In so far, Diesel is mostly a style of implementing a project-specific DSL toolkit. Every instantiation of such a toolkit consists of these steps:
- Define the core elements of the DSL using Ruby structs, where the elements relate to each other just as their representations in the input language do (e.g., the root element could be a protocol specification, comprised of type definitions and arbitrarily many message specifications, which in turn are comprised of payload definitions).
- Extend the default tokenizer by any additional features you need (e.g., handling of special kinds of comments).
- Using previous instances of Diesel as a reference, write down the parse functions that reflect the production rules of the input language. If this is done in a clean fashion, the recursive structure of these functions should match the type recursions seen in the first step above.
- If desired, add validators that work on the internal model produced by a run of the parser.
- Implement one generator for each type of output artifact.
In order to evaluate Diesel properly, we decided to start with a DSL for the description of the API of an event-driven system — a realistic application we know from many real projects.
To cut things short, these were our main results:
- Coding the tokenizer in Ruby is a five-minute job.
- Coding the parser is as straightforward as we had hoped.
- Helpful error messages for cases of bad input are easy to produce (where did it happen, what did the parser expect, what did it get instead?).

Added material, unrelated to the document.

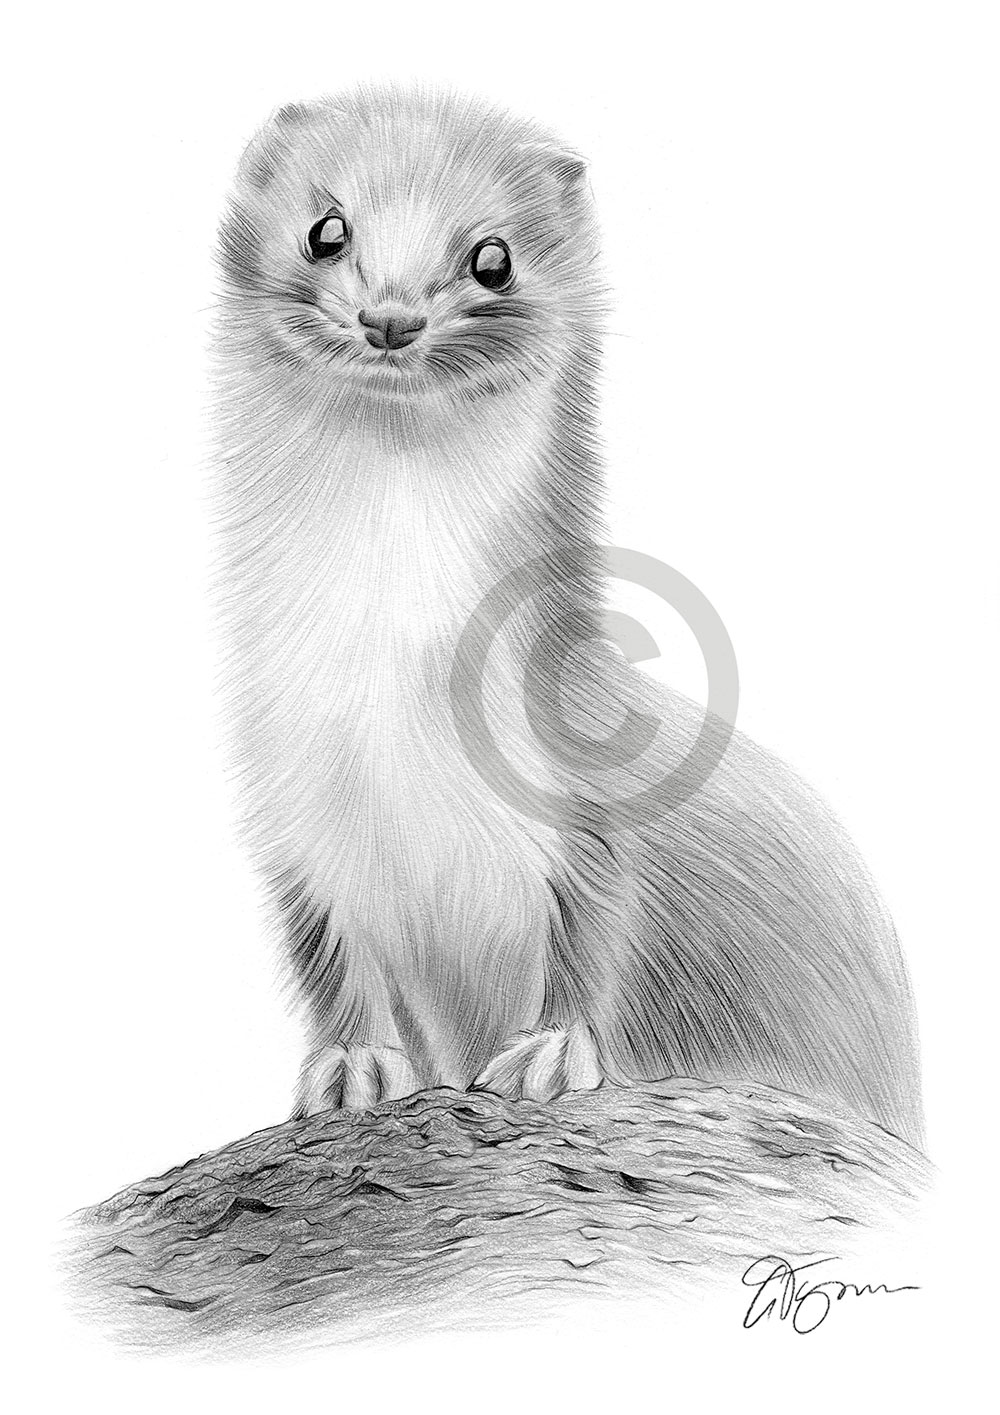 Pencil drawing of a weasel by artist Gary Tymon

- Adding useful validators turns out to be a lot easier than in XText1, for example, because one has full access to both the complete model produced by the parser and the expressiveness of Ruby (thanks to Tobias Kniep for an educated comparison).
- Coding different generators (C code, build system configs) is easy.
- The entire package — tokenizer, parser, validator, generators — integrates very nicely with the gaudi/rake build system (thanks to Vassilis Rizopoulos for doing this part).
- The total amount of code written, and hence the entire footprint of the DSL toolkit, for this specific instance of Diesel is in the order of only ten kBytes.
A general question we did not resolve so far is whether the generators should be procedural (as they are now) or template-based (as many people prefer when writing code generators). This question is also a matter of taste, and it was not crucial to the evaluation of Diesel itself.
From Evaluation to Production
As of the writing of this report, we are in the process of taking Diesel into the real world: It will be used to generate protobuf specifications and C++/C# code from a DSL that describes the public test interface of a prototype for a highly integrated medical device.
This second application of the Diesel approach made us introduce a new feature to the tokenizer, namely the distinction of pure comments (which are simply stripped from the input on tokenization) from transparent comments (that is, inline documentation that is to be preserved in parts of the output produced by the generators). Again, because the design of Diesel is so minimalistic and we are in full control of our Ruby code, this feature was absolutely trivial to incorporate.
Even though the detailed requirements of the message specification DSL and its generators are quite open at the moment, we are convinced that Diesel will do the job smoothly. After all, the DSL in question is no more complex than the event API DSL used in the first case study.